Every new altcoin should be regarded as a pre-mined pump and dump scam until proven otherwise.
The great strength of bitcoin is its network effect.
Every new coin has to demonstrate how they will gather sufficient network effect to make themselves useful, the equivalent of overtaking facebook, google or amazon. It could certainly be done but think how many years it is since facebook overtook myspace! It doesnt happen very often.
SURELY NOT!!!!!
I don't even have to ask about the premine to know that this is a scaaaaaaaaaaaaaaaam.
There are over a hundred different altcoins by now. What makes this one so different that it's Slashdot-front-page worthy?
After a lot of widespread adoption, is bitcoin considered more or less perfect, or are there weaknesses or problems that should be changed/rethought? Not just software wise, but maybe in terms of assumptions like the maximum number of coins that can be minted or the nature of the blockchain network, etc.
I always wonder how you "improved" a cryptocurrency once it gained some widespread adoption? It seems like network effects and investment would make it kind of easy for an alternate currency that appears "good enough" for initial investors to get somewhat established would be impossible to fix or migrate off of, short of a panic situation where some serious flaw causes holders to be forced to dump it for something else.

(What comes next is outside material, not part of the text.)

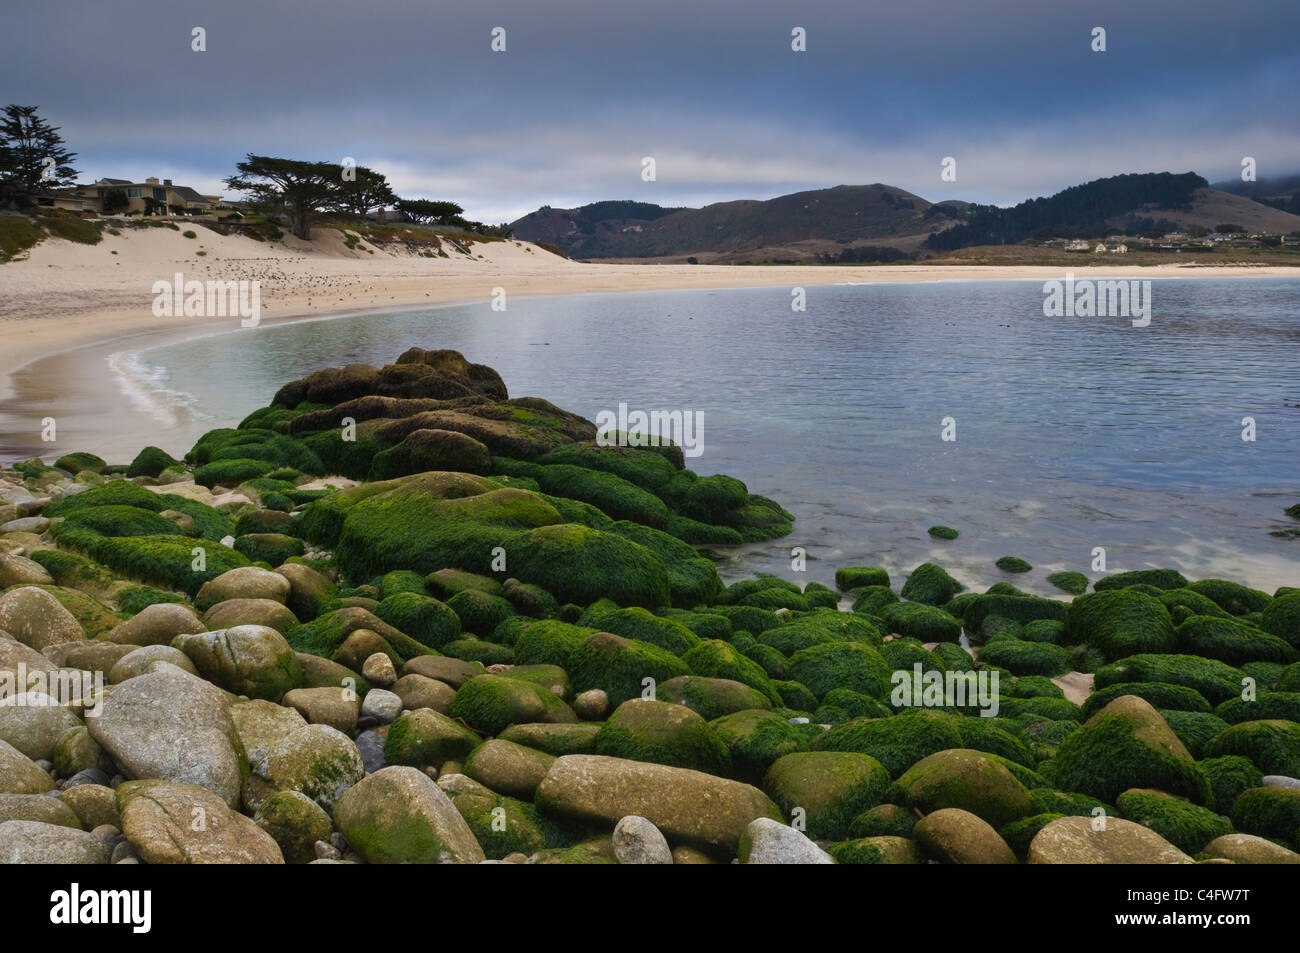 Coperte di alghe rocce lungo il litorale a Fiume Carmel Beach State, penisola di Monterey in California Foto Stock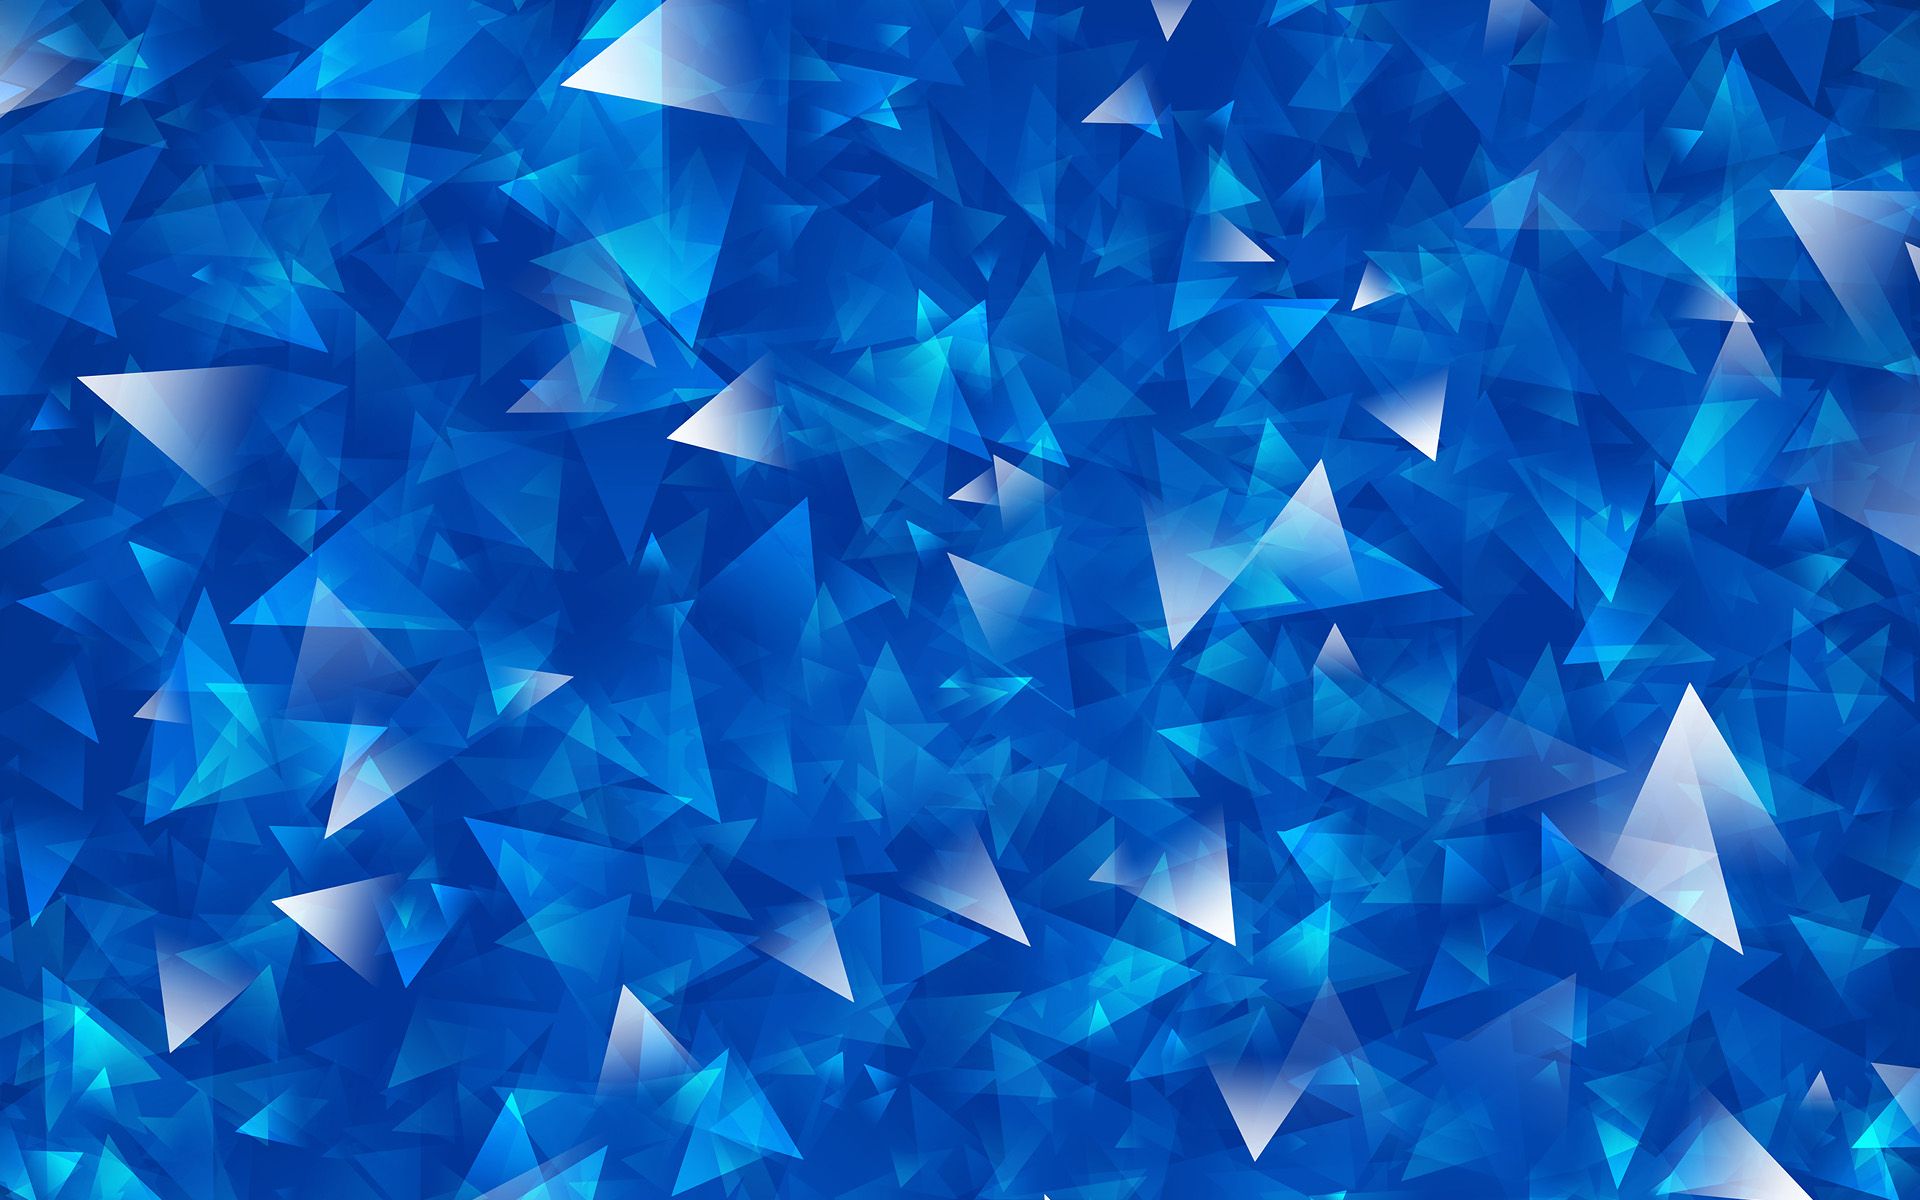 1920 x 1200 Wallpaper, Pt. 5. Blue geometric wallpaper, Blue background wallpaper, Cool blue wallpaper

Most new cryptocurrencies seem to be either just clones of bitcoin or pump and dump schemes where it's pre-mined for get-rick-quick promoters (or at least they get labeled as such). But those invested in an established one like bitcoin could also be seen as working their own vested interests, be they financial or otherwise, and either ignoring weaknesses or badmouthing potential competitors because they are invested in it.
I'm sure the former is more true than the latter, which is why I'm curious if bitcoin is as good as it can get or if after a period of adoption if there are things that could/should have been done differently.